Pour conclure cette longue note, encore une citation : « Quiconque voudrait brandir les atrocités de la guerre comme argument contre l'empathie humaine doit donc y regarder à deux fois. Les deux ne s'excluant pas mutuellement, il est important de réfléchir à la difficulté qu'éprouvent la plupart des hommes à appuyer sur la détente.  Pourquoi, si ce n'est par empathie envers leurs semblables ? Complexe sur le plan psychologique, la guerre semble davantage imputable aux hiéarchies et à l'obéissance aux ordres qu'à l'agression et au manque de pitié. » (p. 319)
3 - « Church, qui apprenait à ses sujets d'expérience à obtenir de la nourriture en pressant un levier, s'aperçut que si un rat remarquait que cette pression envoyait une décharge électrique à un autre rat, il cessait de l'exercer. » (p. 109)

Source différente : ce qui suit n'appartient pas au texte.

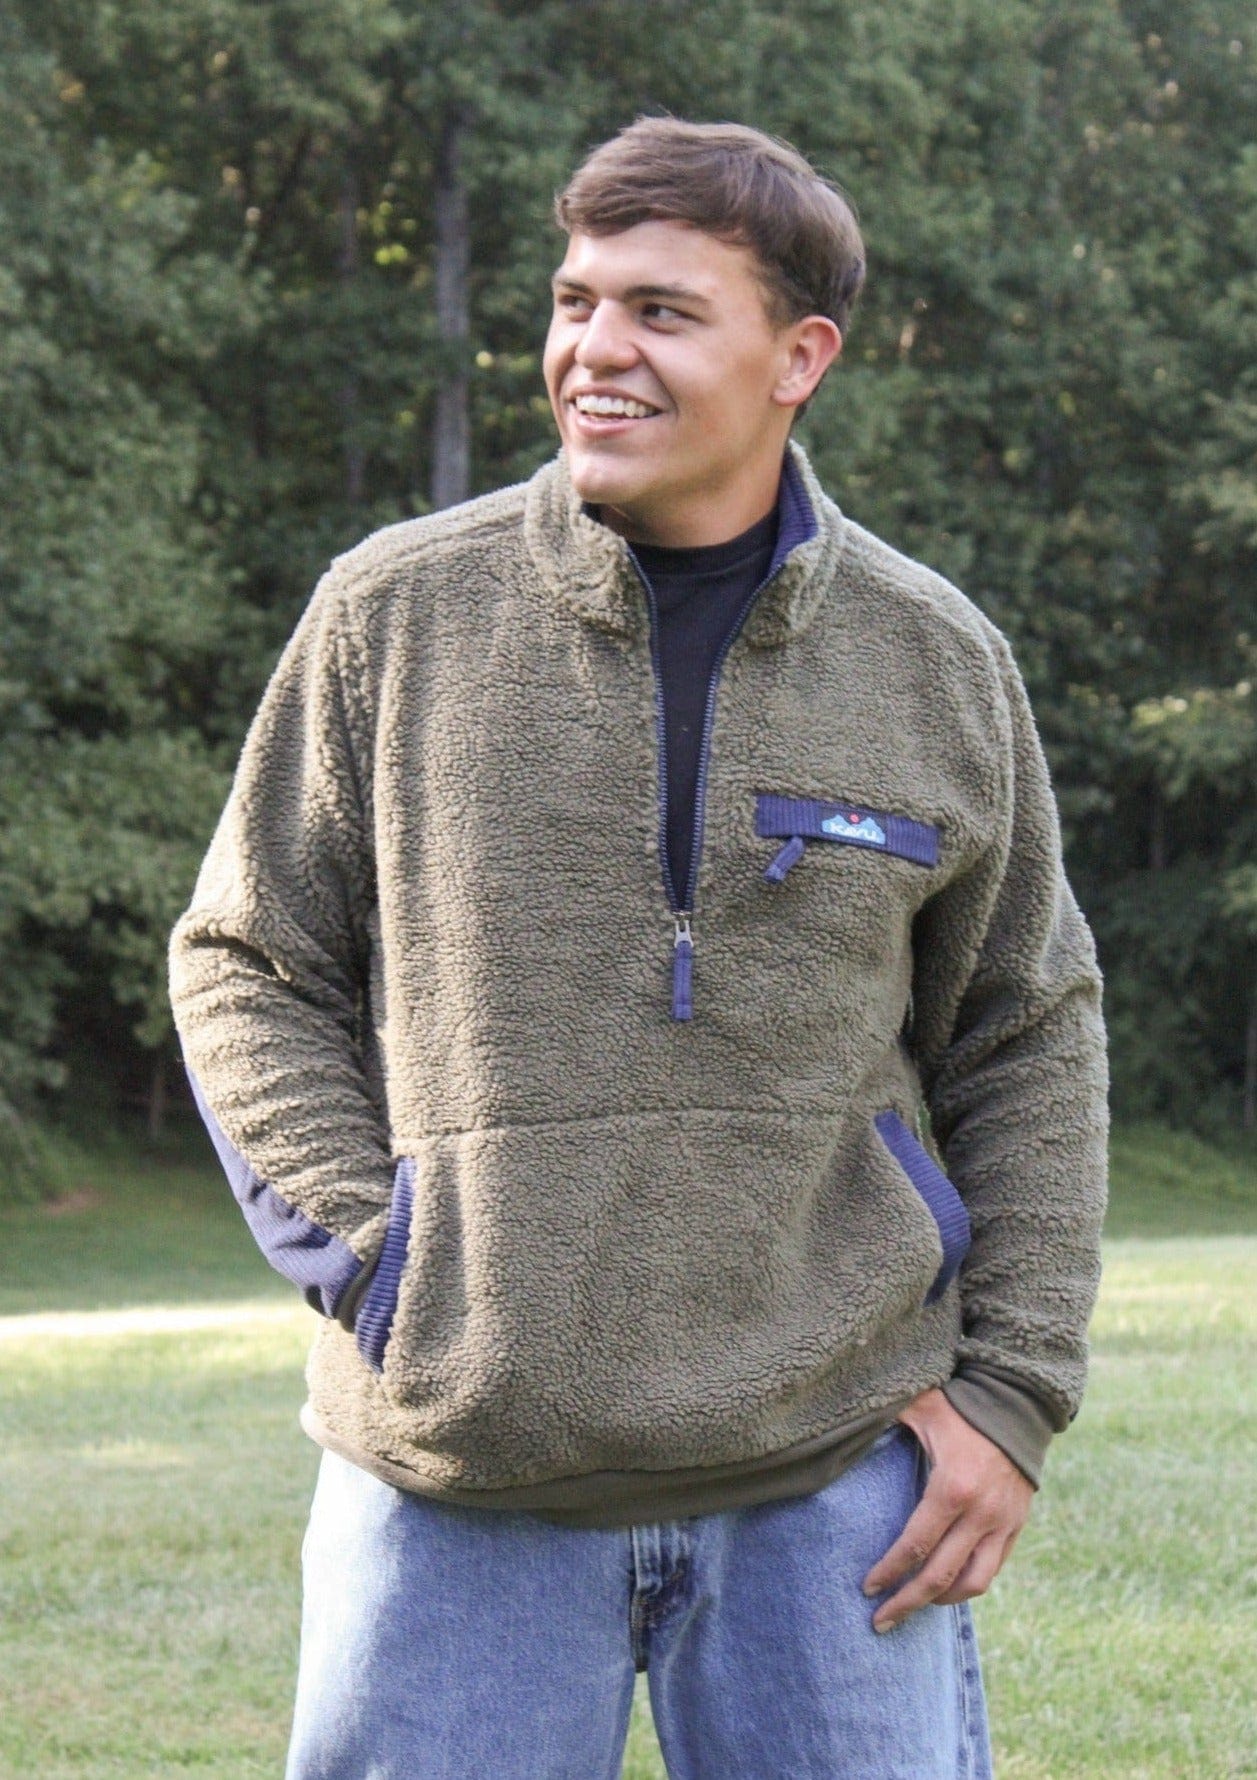 KAVU  Calawah Fleece Pullover for Men – Mattie B's Gifts & Apparel

4 - Je ne sais pas si par « camaraderie sociale » Frans de Waal intègre, en évitant de la nommer pour ne pas choquer ses lecteurs les plus puritains, la sexualité. Elle est la plus forte relation entre deux (ou plusieurs) individus et, dans l'espèce humaine, elle n'est qu'accidentellement liée à la reproduction (je ferai un billet aussi sur ce sujet qui est majeur pour l'organisation des sociétés). La sexualité est d'abord un intense plaisir, considéré comme le plaisir le plus intense qu'un corps peut éprouver et elle est recherchée d'abord - sinon uniquement - pour cela. C'est cette recherche du plaisir relationnel, de la fusion des corps, de la réciprocité du partage produit qui organise des complicités (mais aussi des conflits) entre individus. Contrairement aux espèces où un signal (les phéromones) produit une action de la part du mâle sur la femelle et conduit à la reproduction, chez nous c'est le néocortex qui prend le dessus, produit attirance et envie puis le toucher fait le reste. Ce rôle du plaisir fait partie des tabous sociaux dans un monde porté sur la valorisation de l'effort et la répression de l'hédonisme, pourtant il semble bien être fondamental, il est au cœur de l'empathie. « L'empathie nous attire irrésistiblement dans la situation d'autrui. Oui, nous éprouvons du plaisir à aider les autres, mais puisqu'il nous touche à travers l'autre, et seulement ainsi, ce plaisir est authentiquement altruiste.» (p. 175). À ce sujet voir aussi cette expérimentation de l'Université de Zurich qui vient confirmer les recherches de Frans de Waal.